* Dataset excerpt:
Content starts
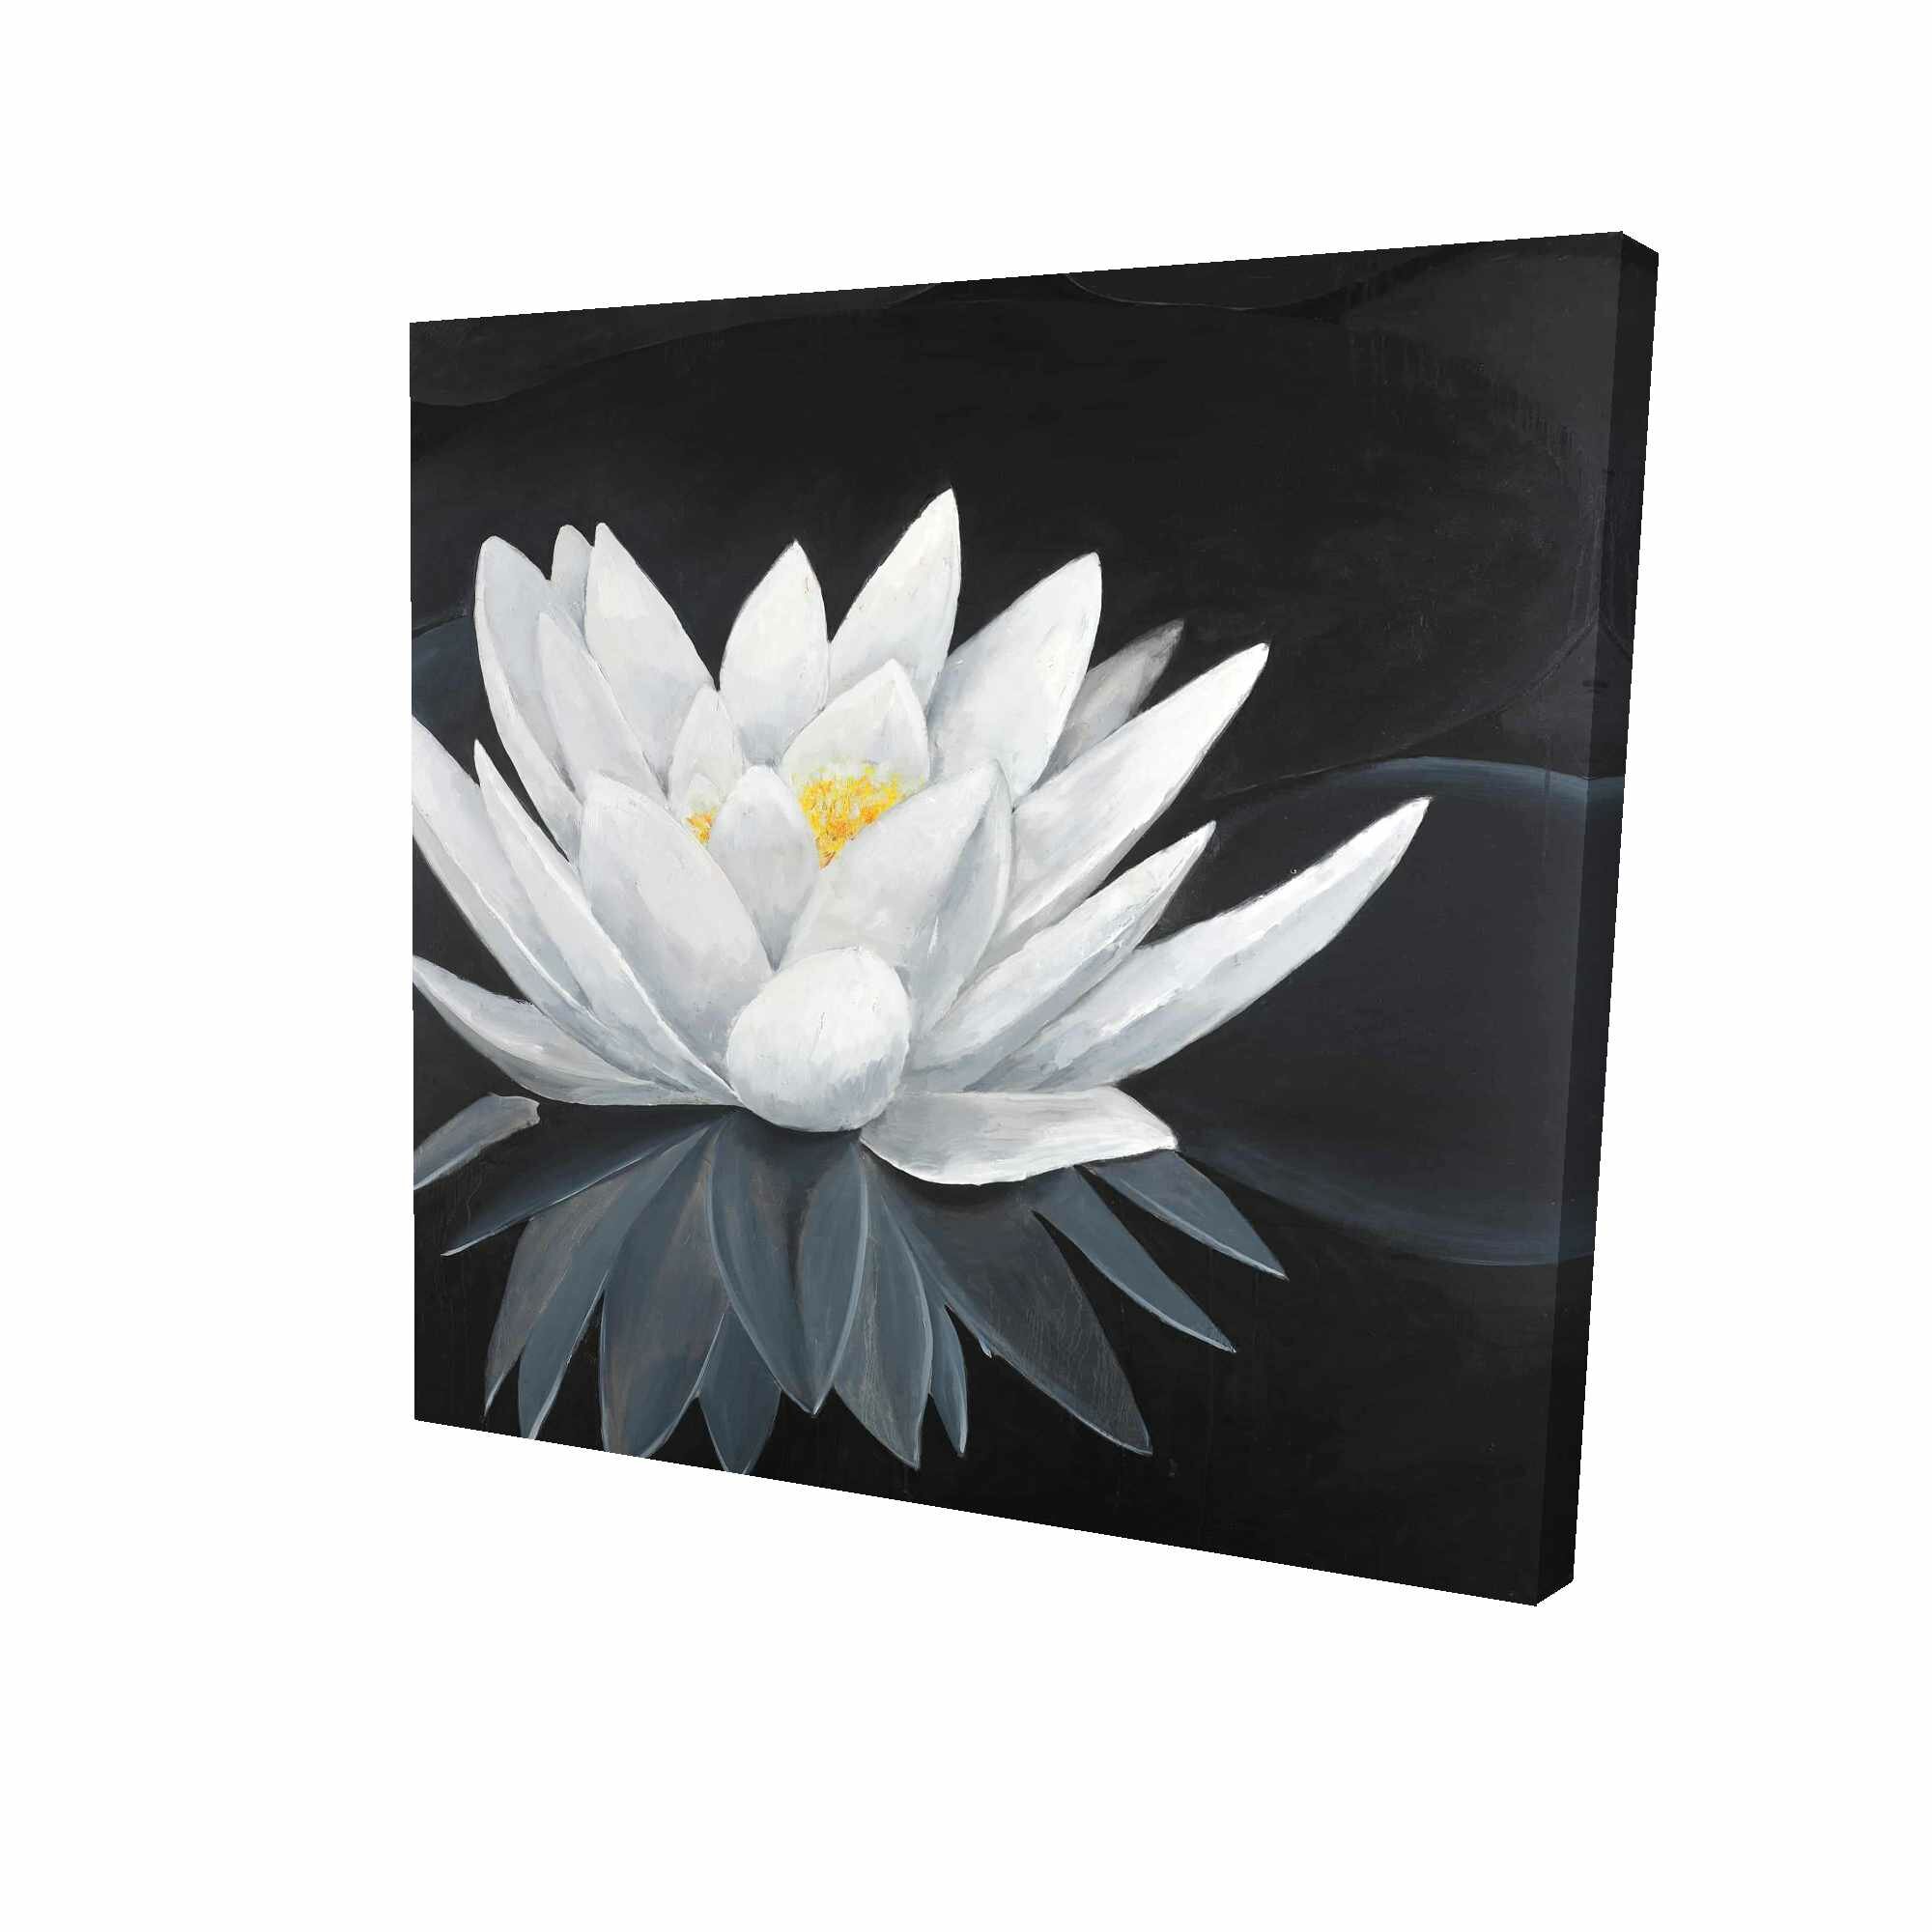 Picture Painting on Canvas Print Stretched and Framed,Ready to Hang Spirit Up Art Large Black and White Watercolor Painting of Lotus Modern Home Decorations Wall Art set of 3 Each is 50*50cm #D04-425 Espritte Art SUArt0587 
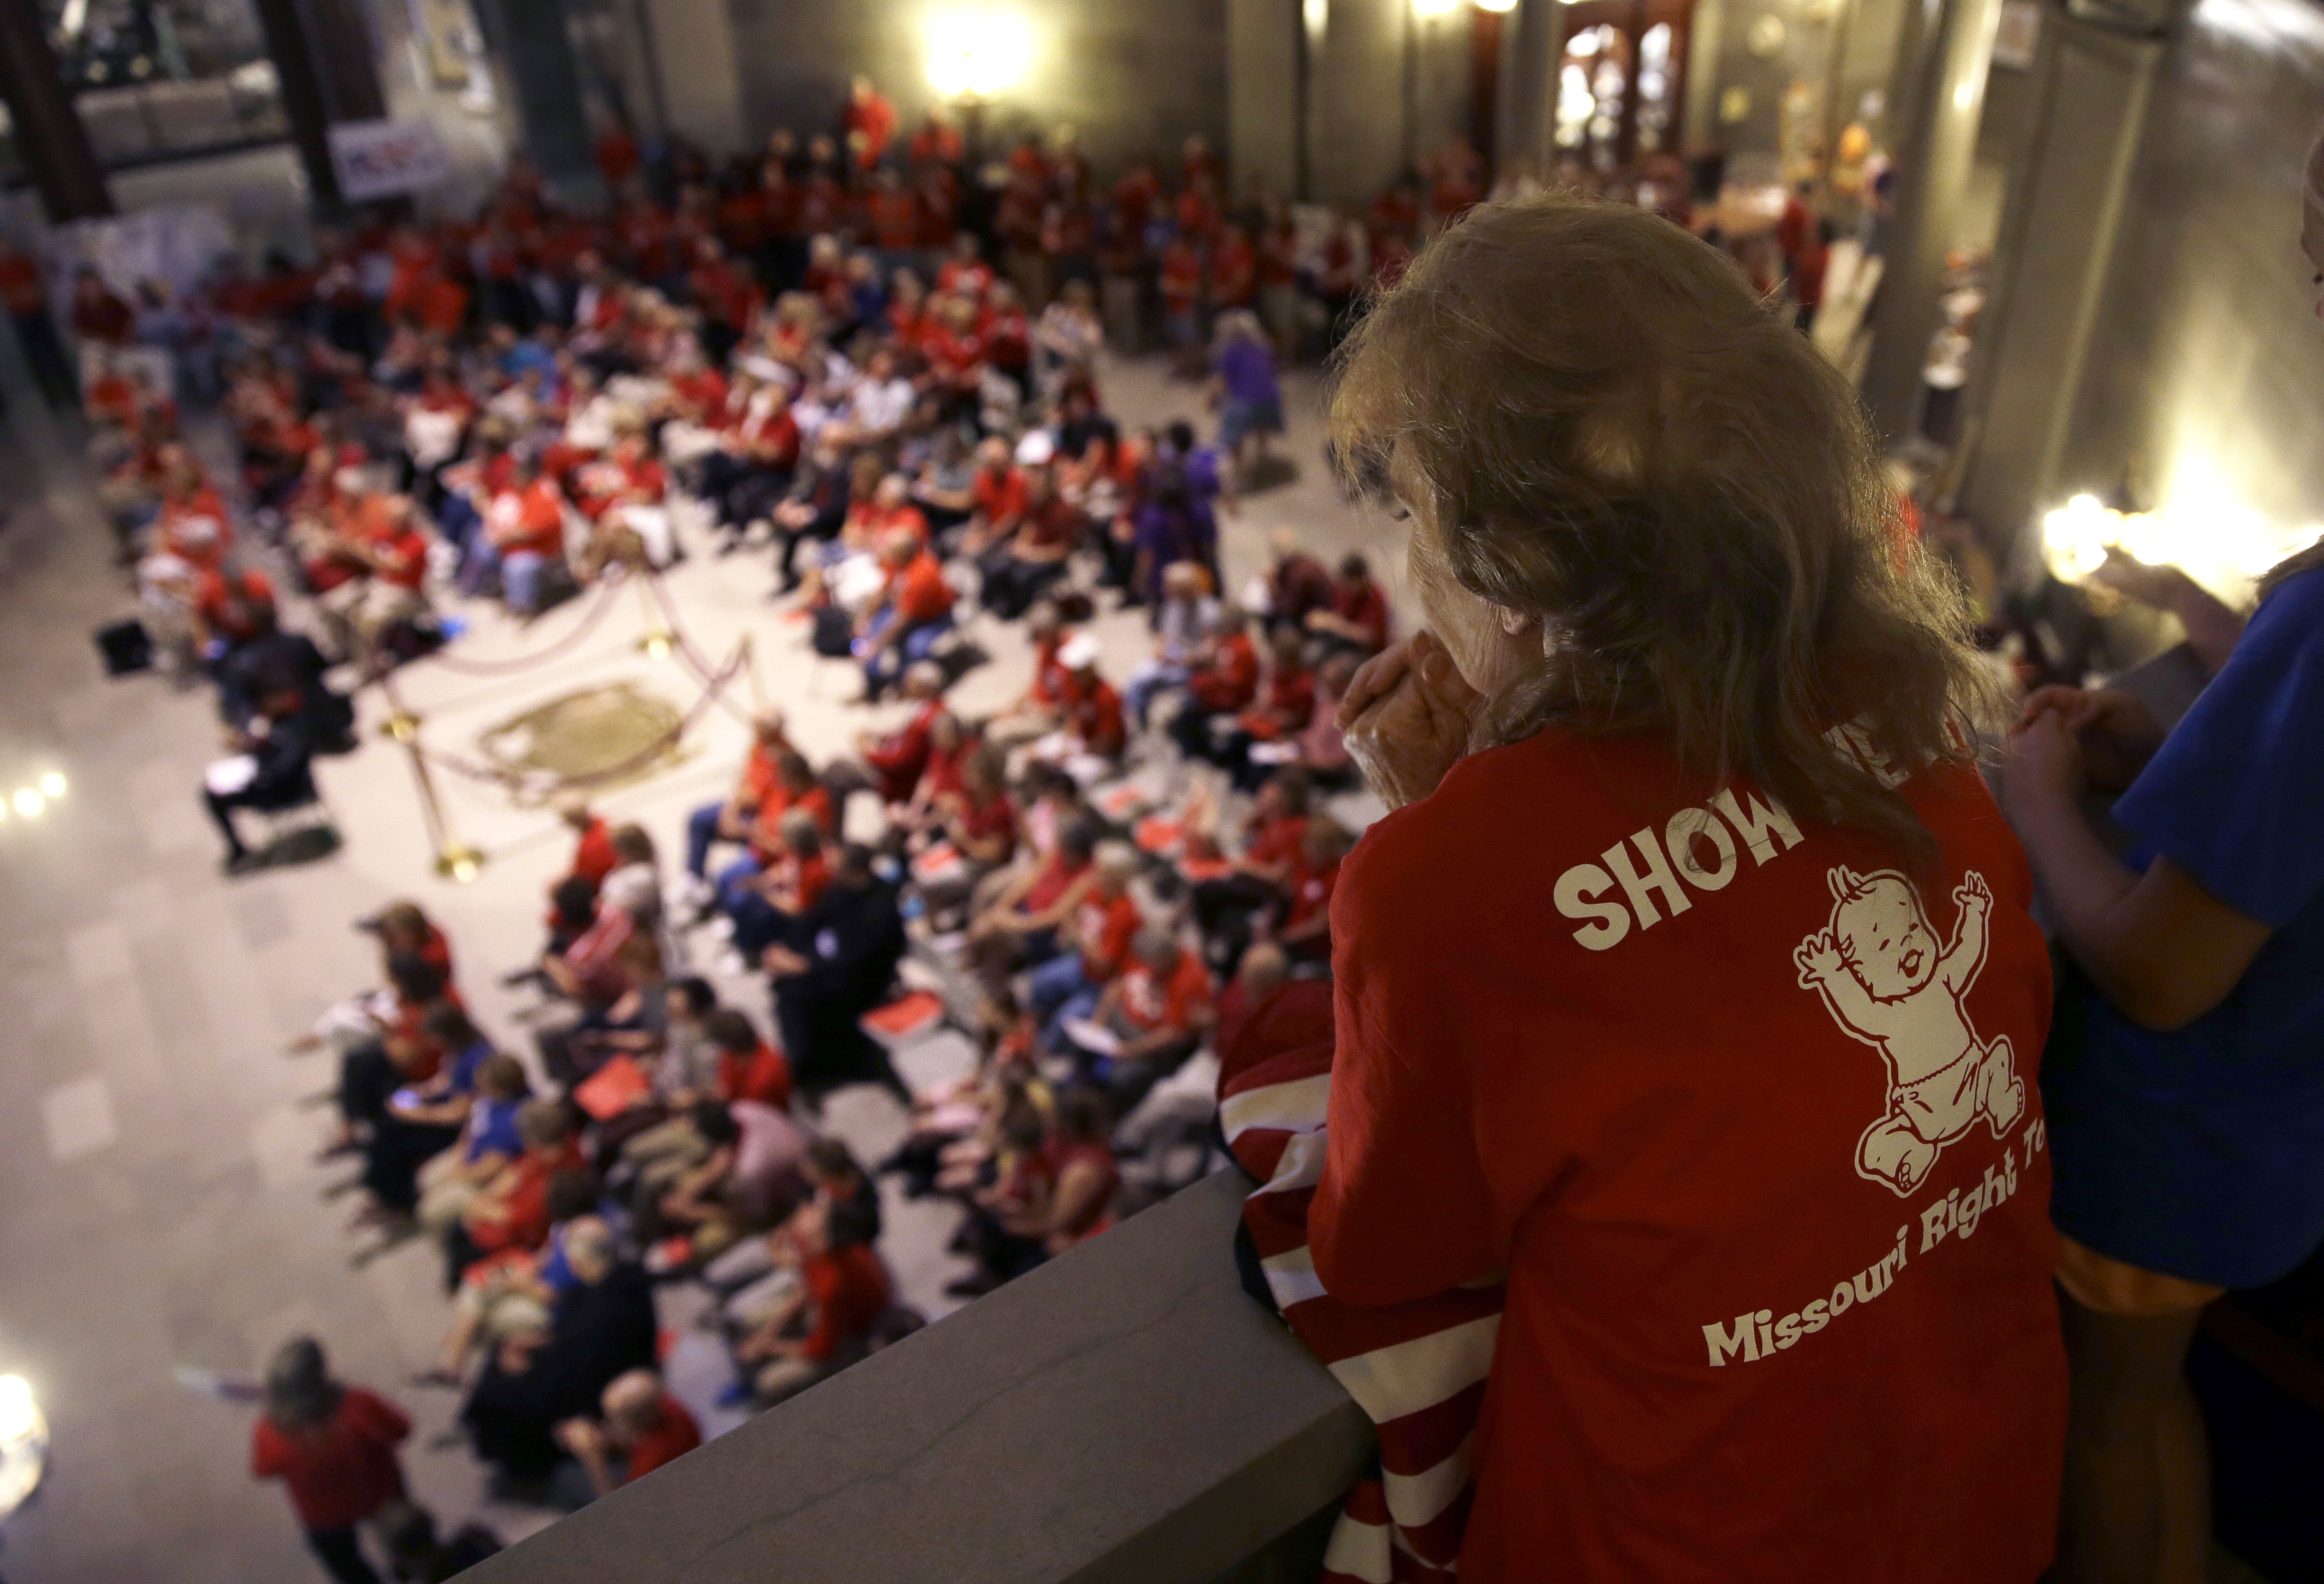 Elizabeth War looks over a gathering of her fellow abortion opponents in the Missouri Capitol rotunda in Jefferson City, Mo. on Sept. 10, 2014. (Jeff Roberson—AP)
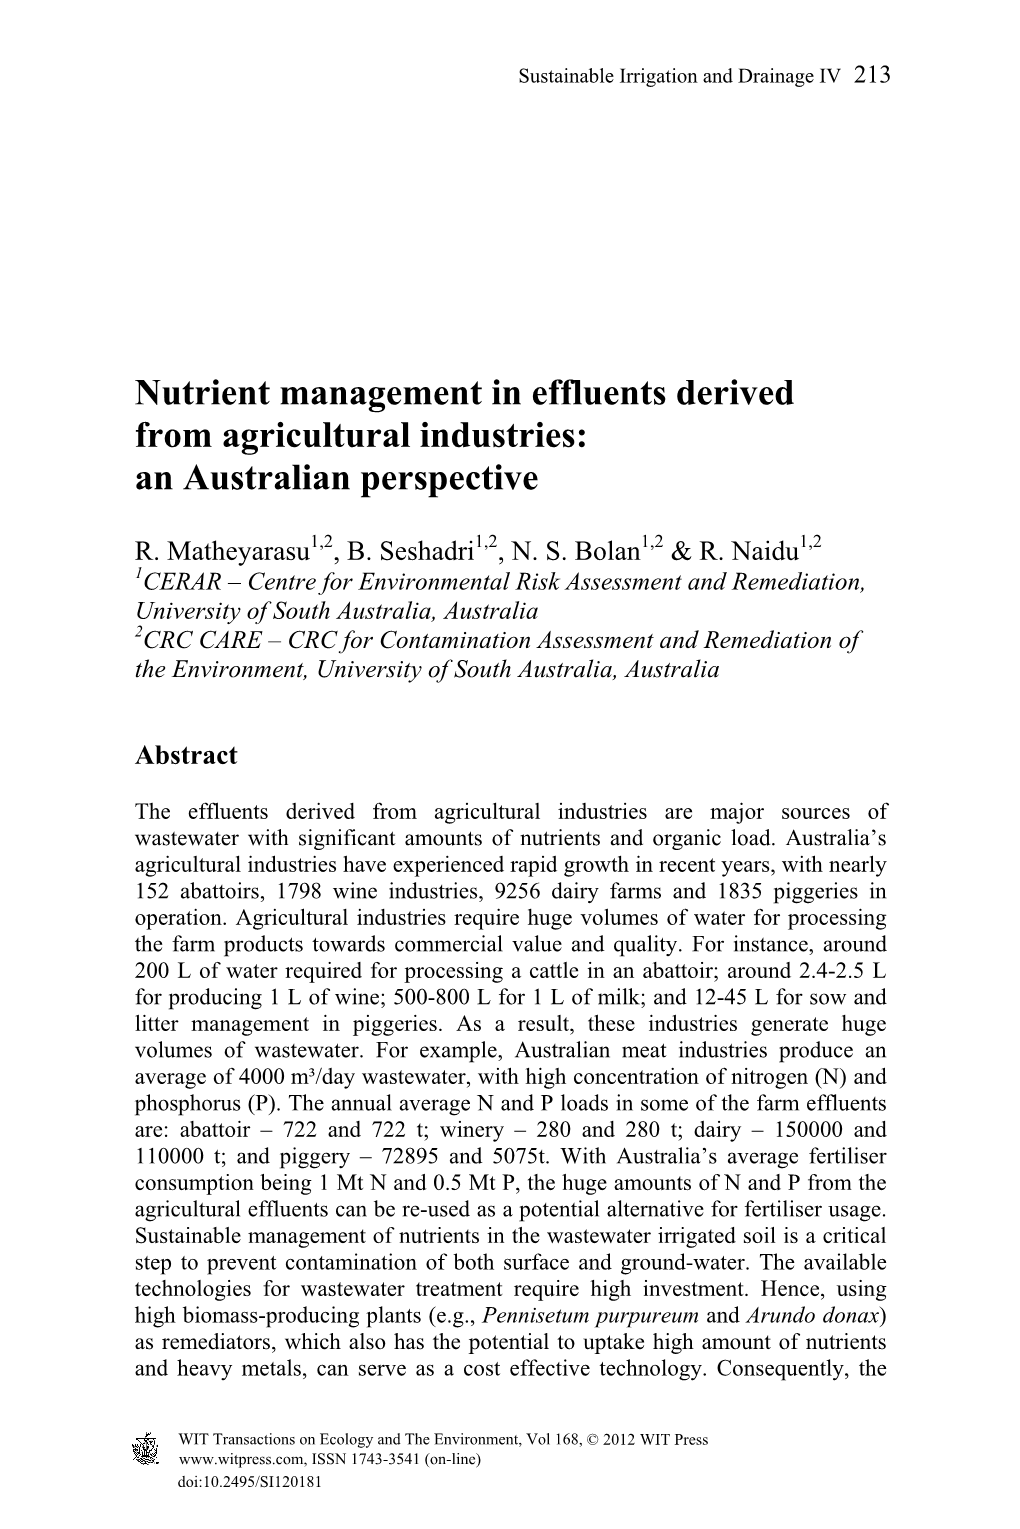 Nutrient Management in Effluents Derived from Agricultural Industries: an Australian Perspective
Content ends
* Required action: The reply should contain every line of the material exactly, and no images.

* Reply to the task:
 Picture Painting on Canvas Print Stretched and Framed,Ready to Hang Spirit Up Art Large Black and White Watercolor Painting of Lotus Modern Home Decorations Wall Art set of 3 Each is 50*50cm #D04-425 Espritte Art SUArt0587 
 Elizabeth War looks over a gathering of her fellow abortion opponents in the Missouri Capitol rotunda in Jefferson City, Mo. on Sept. 10, 2014. (Jeff Roberson—AP)
 Nutrient Management in Effluents Derived from Agricultural Industries: an Australian Perspective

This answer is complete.